Trilyonlar var vergi muafiyetleri ile yapılan kamu-özel iş birliği projeleri ile şehir hastaneleri ile buradan kısılsın. Kamudaki israfa, yüksek şatafata gidenden kısılsın. Sadece faize giden yıllık 2 trilyon TL’nin çok az bir kısmıyla bile asgari ücretin işverene hiç yük yüklemeden 45 bin TL’ye çıkarmak mümkün olur.”
Erbakan, kamu tarafından belirlenen asgari ücret için “Ben devlet olarak 45 bin TL yaptım bile diyebilirsiniz. Bu mümkündür” derken, 45 bin TL için nasıl hesaplama yapılması gerektiğini şu şekilde açıkladı:
“45 bin TL’yi neden söylüyoruz? Yüzde 60’lık bir bağımsız kuruluşların enflasyon hesaplaması var bir de TÜİK’in yüzde 30 küsürlük enflasyon hesaplaması var. İkisinin ortalamasını alsanız bile yüzde 45, yüzde 50 yapıyor. Vatandaşı enflasyona ezdirmeyelim deseniz zaten yüzde 50 arttırmanız lazım bu da 33 bin TL’ye geliyor. Türkiye’nin büyümesinden kaynaklanan pay asgari ücretliye yıllardan beri verilmedi. Sadece enflasyon hesabı yapıldı. Halbuki bir de Türkiye büyümüş üretimi artmış, milli geliri artmış, bundan bir payın verilmesi lazım.

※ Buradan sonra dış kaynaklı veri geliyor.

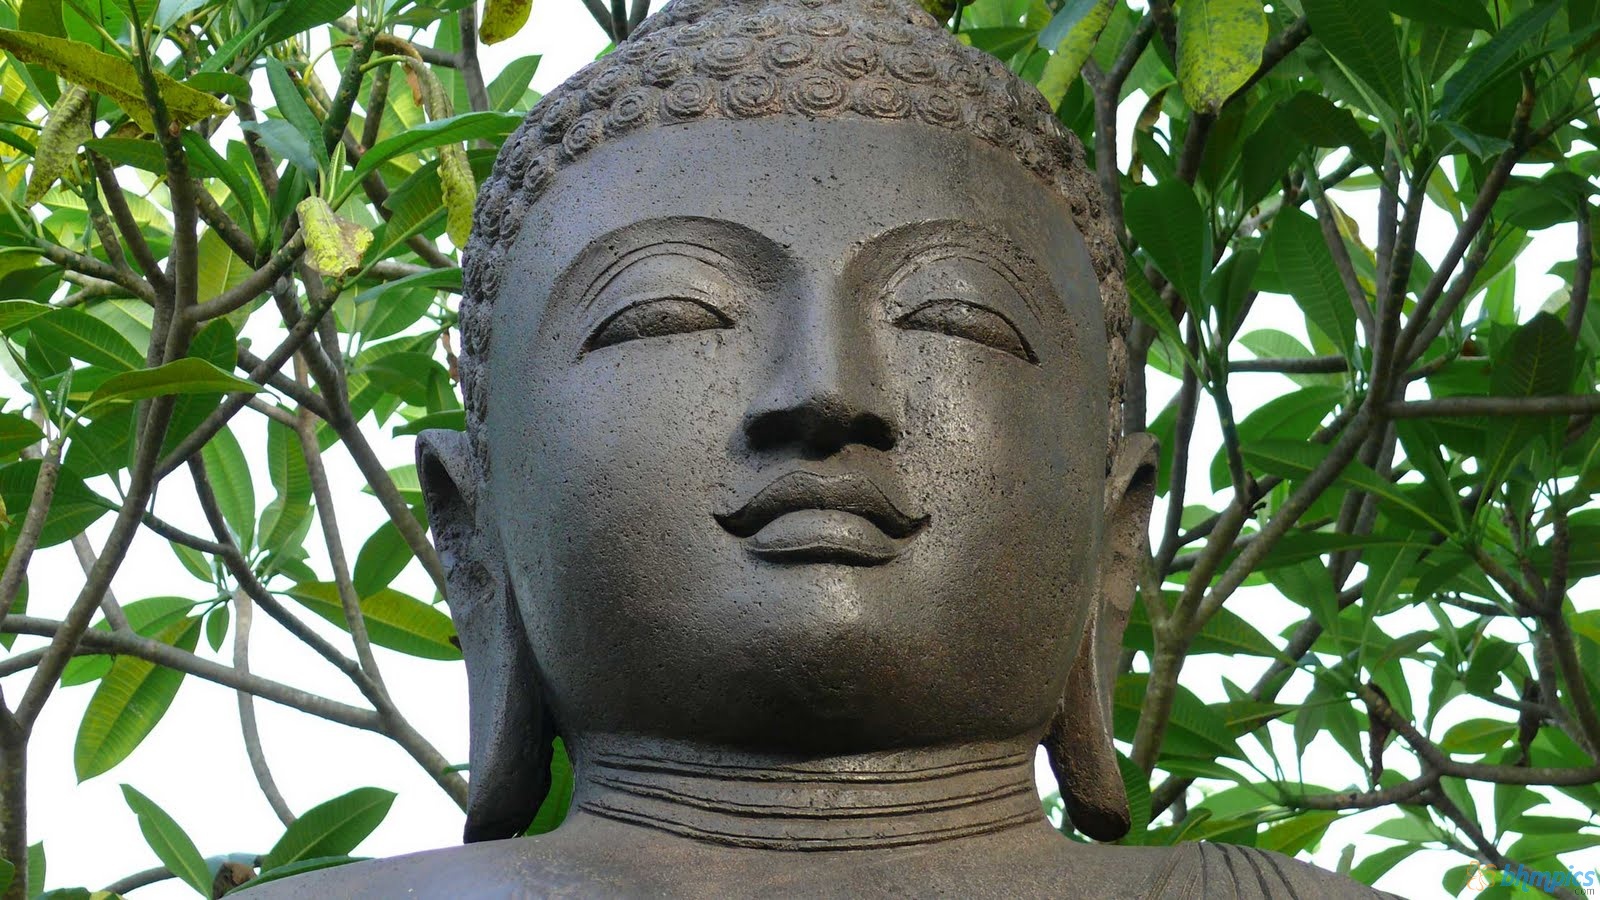 Lord Buddha HD Wallpaper God

Bunun ekonomistler hesabını yapıyor bunu da eklemeniz lazım bir miktar daha açık kalıyor 45 bine gelmek için. Onu da biz 45 bine niye çıkarıyoruz. Yoksulluk sınırı hesabından dolayı yani iki asgari ücretlinin toplamı bir yoksulluk sınırı olmalı ki bir haneye iki asgari ücret giriyorsa en azından yoksul olmadan kimseye muhtaç olmadan hayatlarını devam ettirebilsinler. Dolayısıyla biz 45 bin liralık bir asgari ücretin, işveren için de yarısını devlet karşılasın yarısını işveren versin yani aradaki 23 bin TL’lik farkın yarısını asgari ücretli başına devlet versin. Faize verilen paranın yarısı, imtiyazlılara haksız yere verilen paranın yarısı bile bunu karşılamaya yeter."